Argentina is the world's fifth-largest producer of wine. Surprised? Me, too. That may be because the Argentineans have traditionally consumed the lion's share of their own wine - wine that one authority called "rough and ready, sweet and tannic, plentiful and cheap." We wouldn't have wanted it anyway.

All of that is changing. As a result of both improved winemaking techniques and the need for foreign currency, more Argentinean wine is appearing on American shelves. One signature grape worthy of our attention is Malbec. Although generally thought of as a "softening" grape for the cabernet blends of Bordeaux, "in Argentina, Malbec can broach magic," says critic Karen MacNeil in The Wine Bible.

Most of the wines I tasted came from the country's premier wine-producing region, Mendoza, in the Andean foothills. It's therefore not surprising that there's a similarity in profiles, especially in the under-$15 price range. Blackberry looms large, along with its brambly component, and cassis and blueberry make cameo appearances. In general, the variations were subtle, with the exception being the 2002 Navarro Correas Gran Reserva Mendoza, which pulled out all the stops - from leather and licorice to black cherry and black pepper - suggesting that in order to experience magic, you have to spend a little more money. Say $22. So, what's new?

In no particular order, here's what happened:

The Navarro Correas Mendoza Malbec 2003 Limited Release is Gran Reserva's baby brother, with hints of coffee, ripe blackberry, and black cherry. The 2003 Famiglia Bianchi San Rafael Mendoza had a more intense coffee flavor and a longer finish than most. The Doña Paula Estate Malbec 2003 Mendoza was big on jammy blackberry and caramel. More blackberry characterized the Don Miguel Gascon 2003 Malbec Mendoza, which was restrained to begin with but ultimately showed more black fruit and a little cedar.

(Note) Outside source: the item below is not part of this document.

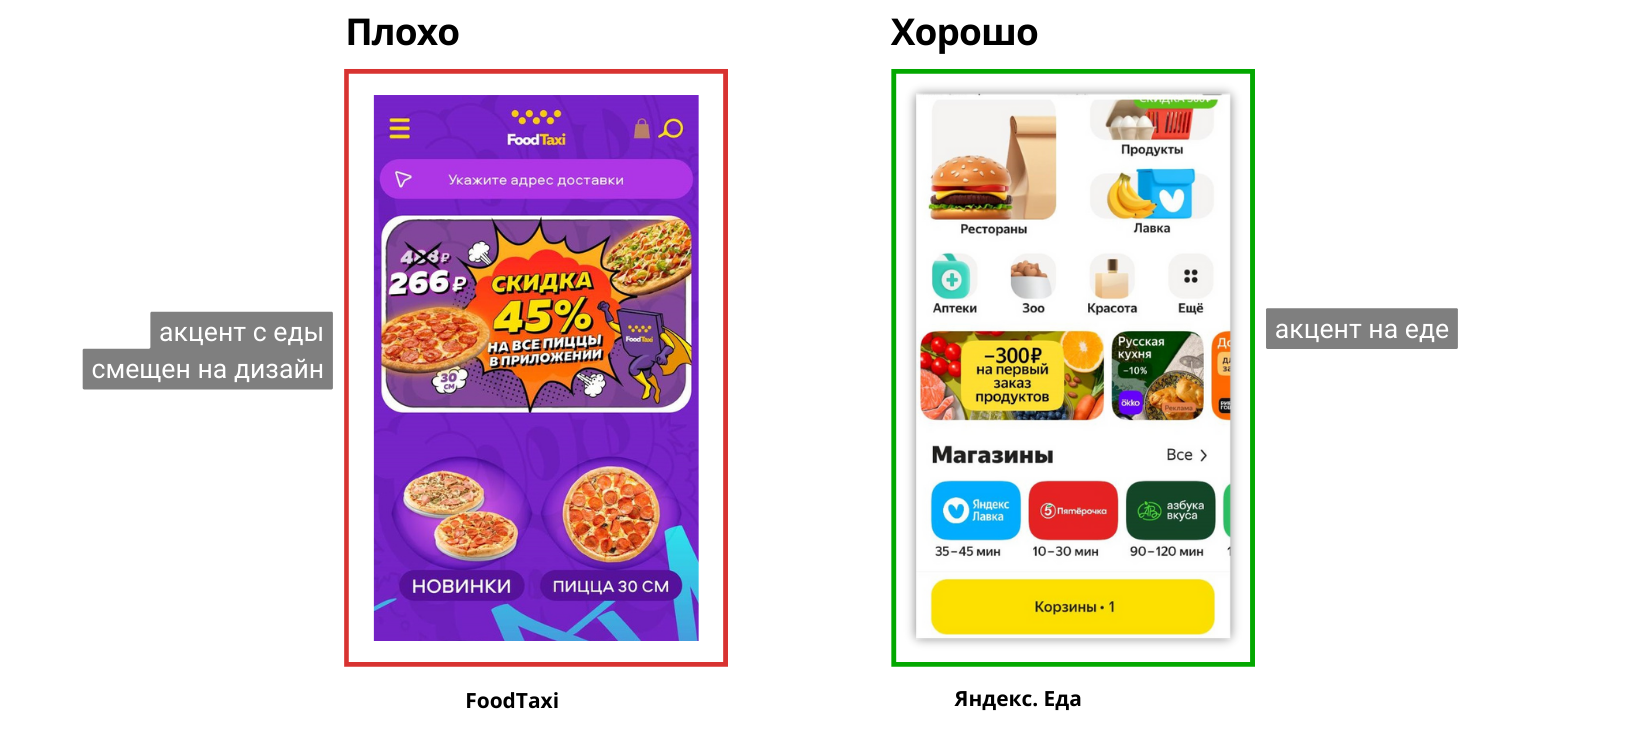 В Яндексе фантазия под контролем. Яркие акценты есть, но на еде.

Tasting in Riedel glassware might have emphasized the ripe blackberry and cassis in the young and short-finished 2004 Alamos Malbec Mendoza. Riedel might also have pointed out the shortcomings in the 2003 Valentin-Bianchi Elsa San Rafael Mendoza; it was spicy and soft but not much more. And Norton's Malbec 2002 Mendoza Reserve was already beginning to fade, but showed smoke, cooked coffee, berry, and cola.

Moving north from Mendoza, the Graffigna 2003 San Juan was restrained from the start and finally revealed earthy blackberry notes; open this one well ahead of serving. The 2002 Don Rodolfo Viña Cornejo Costas from the Cayfayte Valley even farther to the north? Yup, briery and a little hot, but still showing big cassis and many layers of fruit.

Desperately wanting to try something different, I tasted a Chilean Malbec. Sadly, it was corked so no evaluation was possible. The Clay Station 2003 Malbec from Lodi in California had the potential to be really different, but it tasted of blackberry, blueberry, and maybe a little cocoa. Apparently, Malbec is stubborn enough to keep its character no matter where it's grown.